Fortunately, there are a few MySQL tuning settings that you can specify at mysql server start-up time to tremendously speed up your data load time. Keep in mind, it is advisable to flush your MySQL logs (like the following) prior to tinkering with any log file size settings to avoid any log file corruptions:

(Before you proceed, I recommend you backup your data first)


$ sudo mysqladmin flush-logs
$ ... then shutdown your MySQL server ...
$ sudo rm /path/to/mysql/datadir/ib_logfile*
$ ... then start your MySQL server ...


So, now it's time to put in our magic sauce. On my Macports MySQL installation, the settings were meagerly defaulted to:


+---------------------------------+---------+
| Variable_name | Value |
+---------------------------------+---------+
| innodb_additional_mem_pool_size | 1048576 |
| innodb_buffer_pool_size | 8388608 |
| innodb_log_buffer_size | 1048576 |
| innodb_log_file_size | 5242880 |
| bulk_insert_buffer_size | 8388608 |
+---------------------------------+---------+


Add the following settings in your appropriate my.cnf file. Your settings may vary with the kind of machine you have (mine is a MBP 2GB RAM):


[mysqld]
innodb_additional_mem_pool_size=256M
innodb_buffer_pool_size=512M
innodb_log_buffer_size=256M
innodb_log_file_size=512M
bulk_insert_buffer_size=256M


Our settings will now look like:


+---------------------------------+-----------+
| Variable_name | Value |
+---------------------------------+-----------+
| innodb_additional_mem_pool_size | 268435456 |
| innodb_buffer_pool_size | 536870912 |
| innodb_log_buffer_size | 268435456 |
| innodb_log_file_size | 536870912 |
| bulk_insert_buffer_size | 268435456 |
+---------------------------------+-----------+


Then, as I reload my table, it only takes just 4' 55", a whopping 900% performance boost.

Bonus Tip:

You might notice that you cannot use SELECT COUNT(*) to track your data load progress while LOAD DATA INFILE is being executed (it always returns a count of zero). Instead, you can use the SHOW INNODB STATUS command. Find the line that says "undo log entries" under section TRANSACTIONS, and that number is the number of rows inserted so far. You can also look at how many inserts were performed per second by finding the line "inserts/s" under the ROW OPERATIONS section.

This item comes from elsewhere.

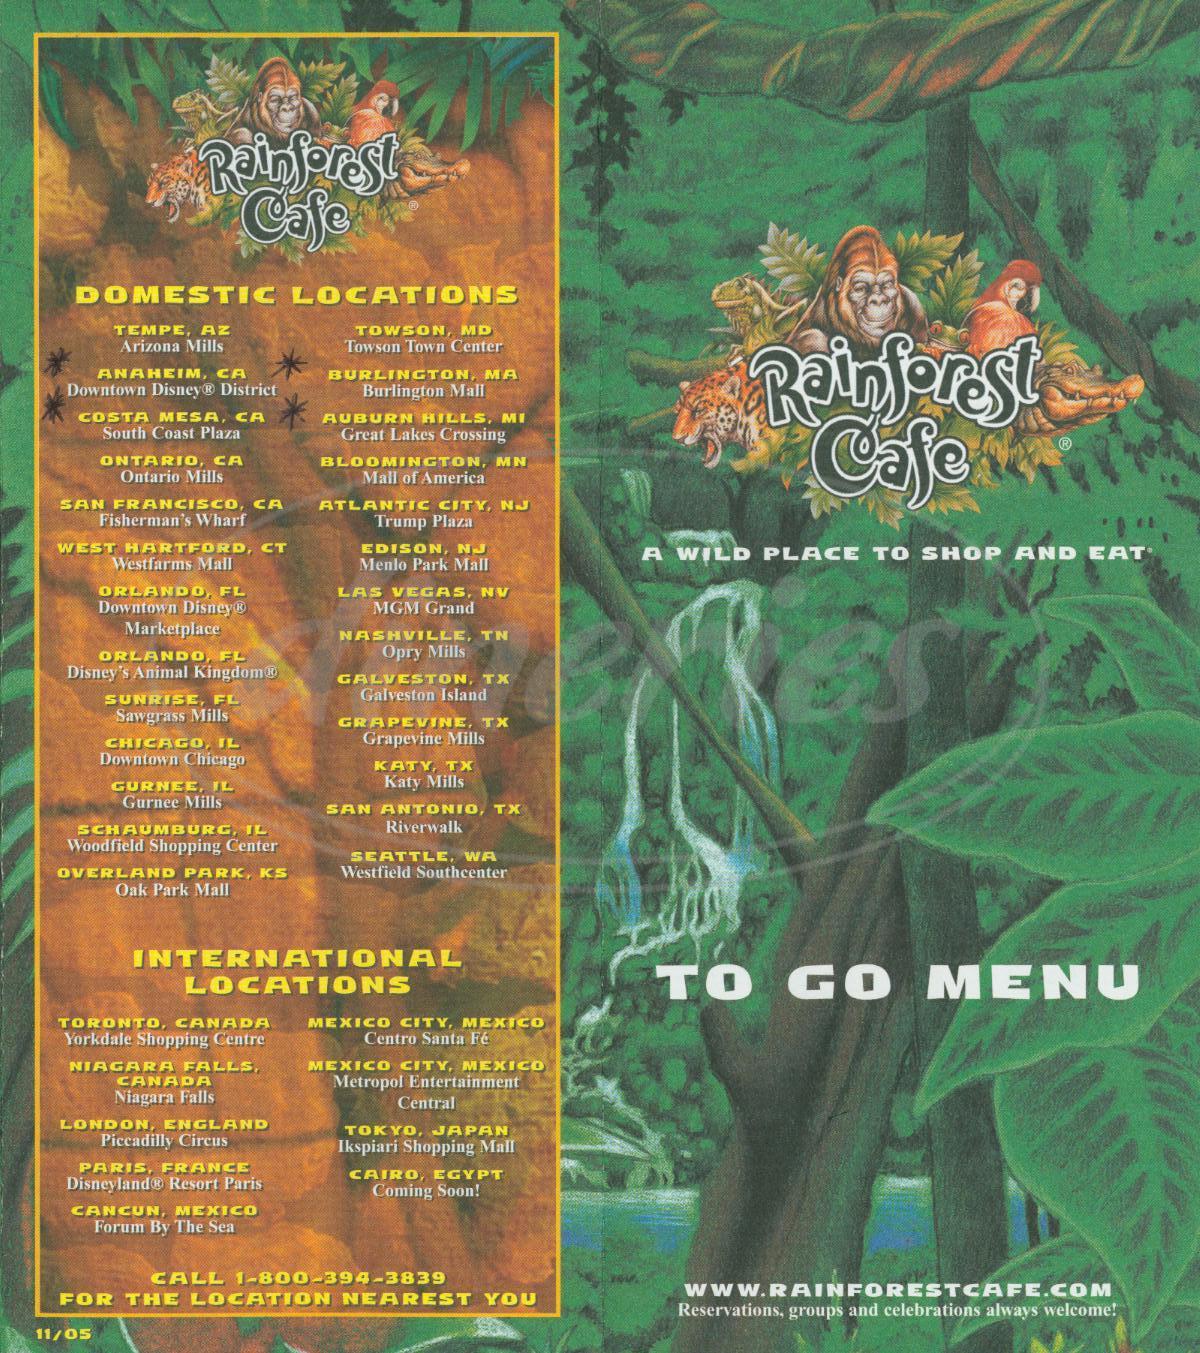 menu for Rainforest Café

Friday, September 26, 2008

Go to Ruby ! and ? method definition with TextMate CTags

If you are not yet using the TextMate CTags bundle in your Ruby/Rails development, you are missing out big time. This bundle allows you to go to a method definition as easy as pointing your cursor at the method and hit a keyboard shortcut. It has served me well and I highly recommend it.

But soon you might realize that this "go to definition" shortcut only works most of the time. Specifically, whenever you try to go to the definition of a Ruby method that ends with a bang (!) or question-mark (?), CTags will fail open to the line that defines that method for you.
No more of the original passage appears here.